LA QUESTION LA PLUS REDOUTÉE : AVEZ-VOUS UN CLICHÉ PRÉFÉRÉ DE CE VOYAGE ?
Ma photo préférée du Pakistan est une photo d’une rue de Peshawar. Techniquement, cette photo n’a rien d’exceptionnel — c’est une photo que n’importe qui pourrait prendre. Mais pour moi, elle capture l’atmosphère que j’ai aimée à Peshawar et me procure une douce nostalgie.
C’est une belle lumière de fin d’après-midi, avec beaucoup de monde dans la rue mais il y a un calme et une sérénité que j’aime beaucoup. Le rappel des couleurs entre le jaune dominant qui répond au bleu des sacs plastiques, et les femmes en burqa qui traversent l’image.
J’ai d’autres photos plus fortes, mieux composées, avec des éléments graphiques intéressants ou encore des portraits intenses, mais cette image provoque beaucoup de sensations en moi, et c’est pour cela que je pense que c’est la plus belle à mes yeux, celle qui me donne envie de revivre ce moment précis à 100 %.
À VOUS DE NOUS POSER UNE QUESTION 🙂
Comment travaillez-vous précisément chez Carmencita Film Lab sur des images provenant de différents photographes, qui ont des styles et des manières de photographier très différents ?

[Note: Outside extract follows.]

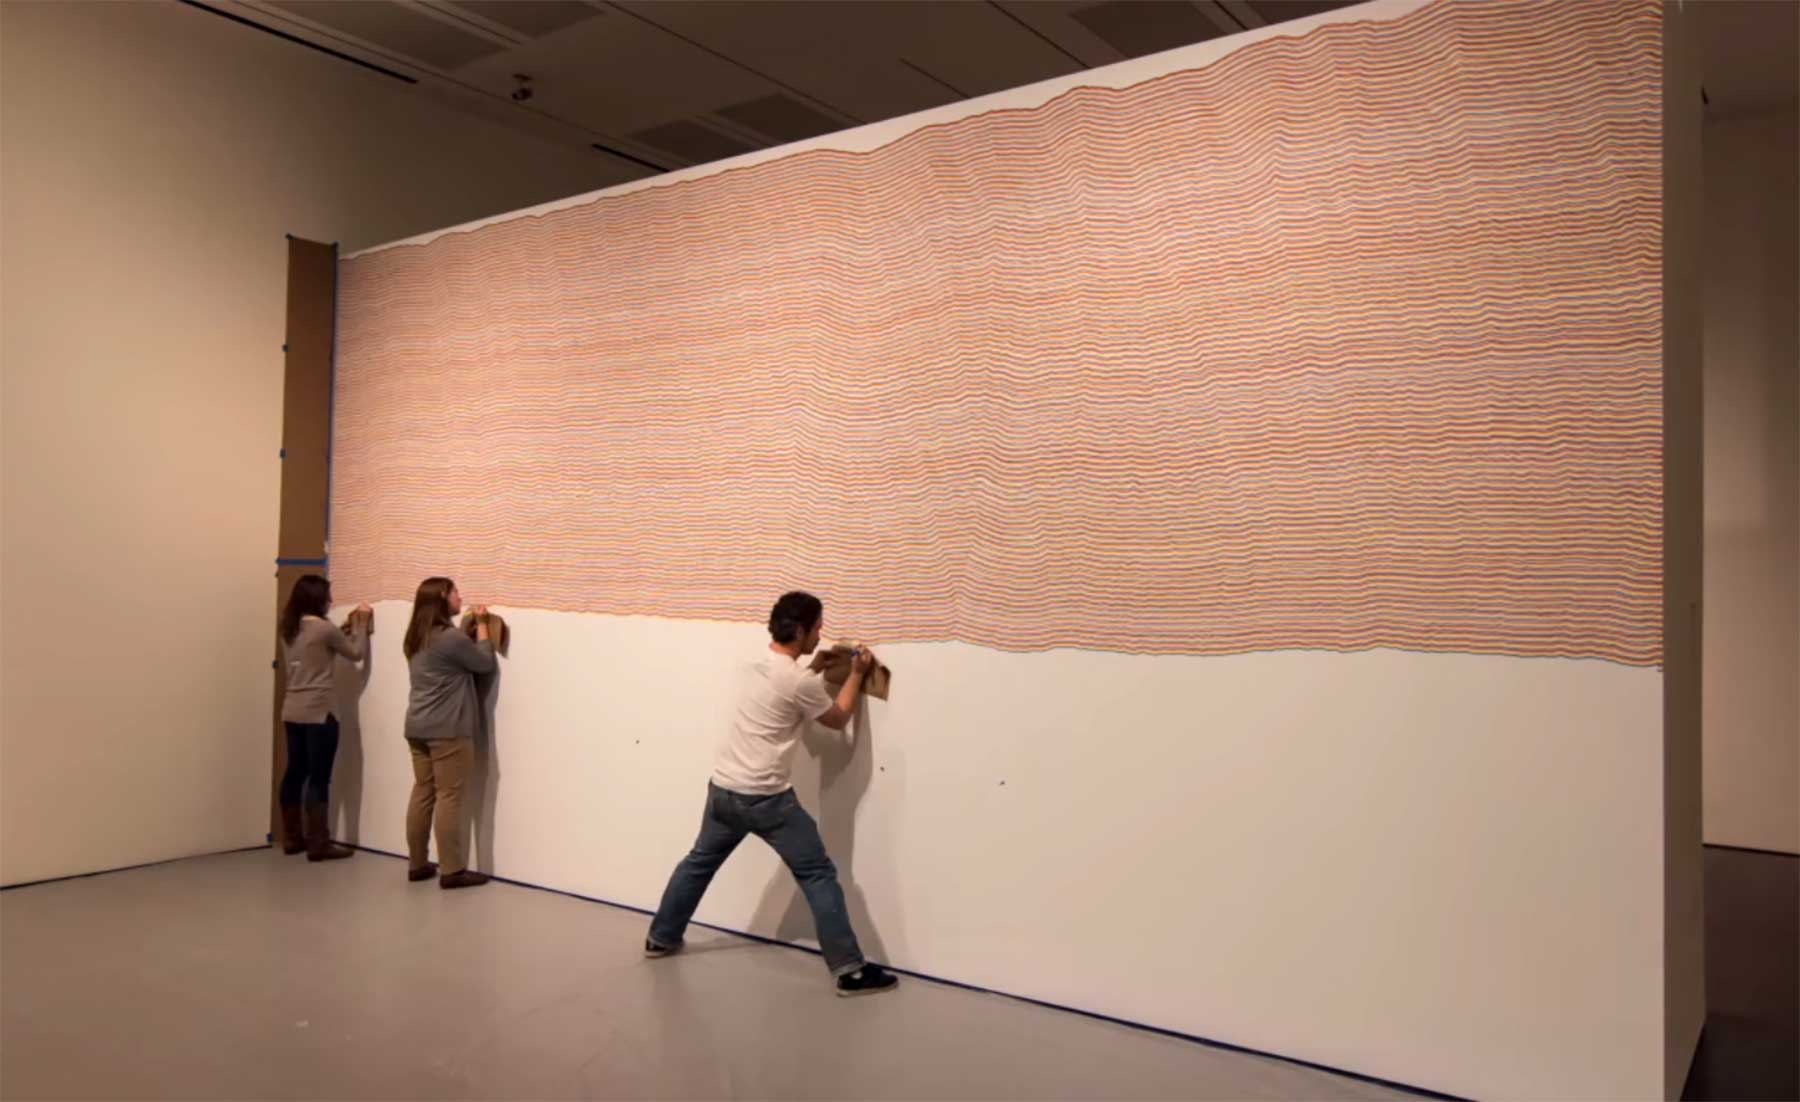 Timelapse: Eine Wand voller Linien bemalen timelapse-Sol-LeWitt-Wall-Drawing-797

Je suis toujours impressionné par les différences d’images et de rendus produits, tout en étant précis dans la livraison d’un travail qui répond à mes attentes (surtout pour ce projet au Pakistan !)
Merci pour votre travail incroyable et nos échanges toujours positifs pour arriver au résultat souhaité !
Nous suivons un processus de correction colorimétrique en deux étapes. La première étape a lieu au poste de scan, où nous effectuons les réglages de base de l’image. La deuxième étape est réalisée par notre équipe d’édition, qui adapte les réglages aux préférences individuelles du photographe.
C’est là que notre base de données s’avère utile 😉 Qu’ils soient amateurs ou pros, nous tenons un registre avec les profils de tous nos clients. Nous gardons une trace des préférences et des demandes spécifiques de chaque photographe, car chacun possède son propre style unique.
Cependant, l’élément le plus crucial de notre flux de travail est la communication ! C’est grâce à une communication continue entre nos clients et notre laboratoire que nous sommes en mesure de fournir les meilleurs résultats possibles.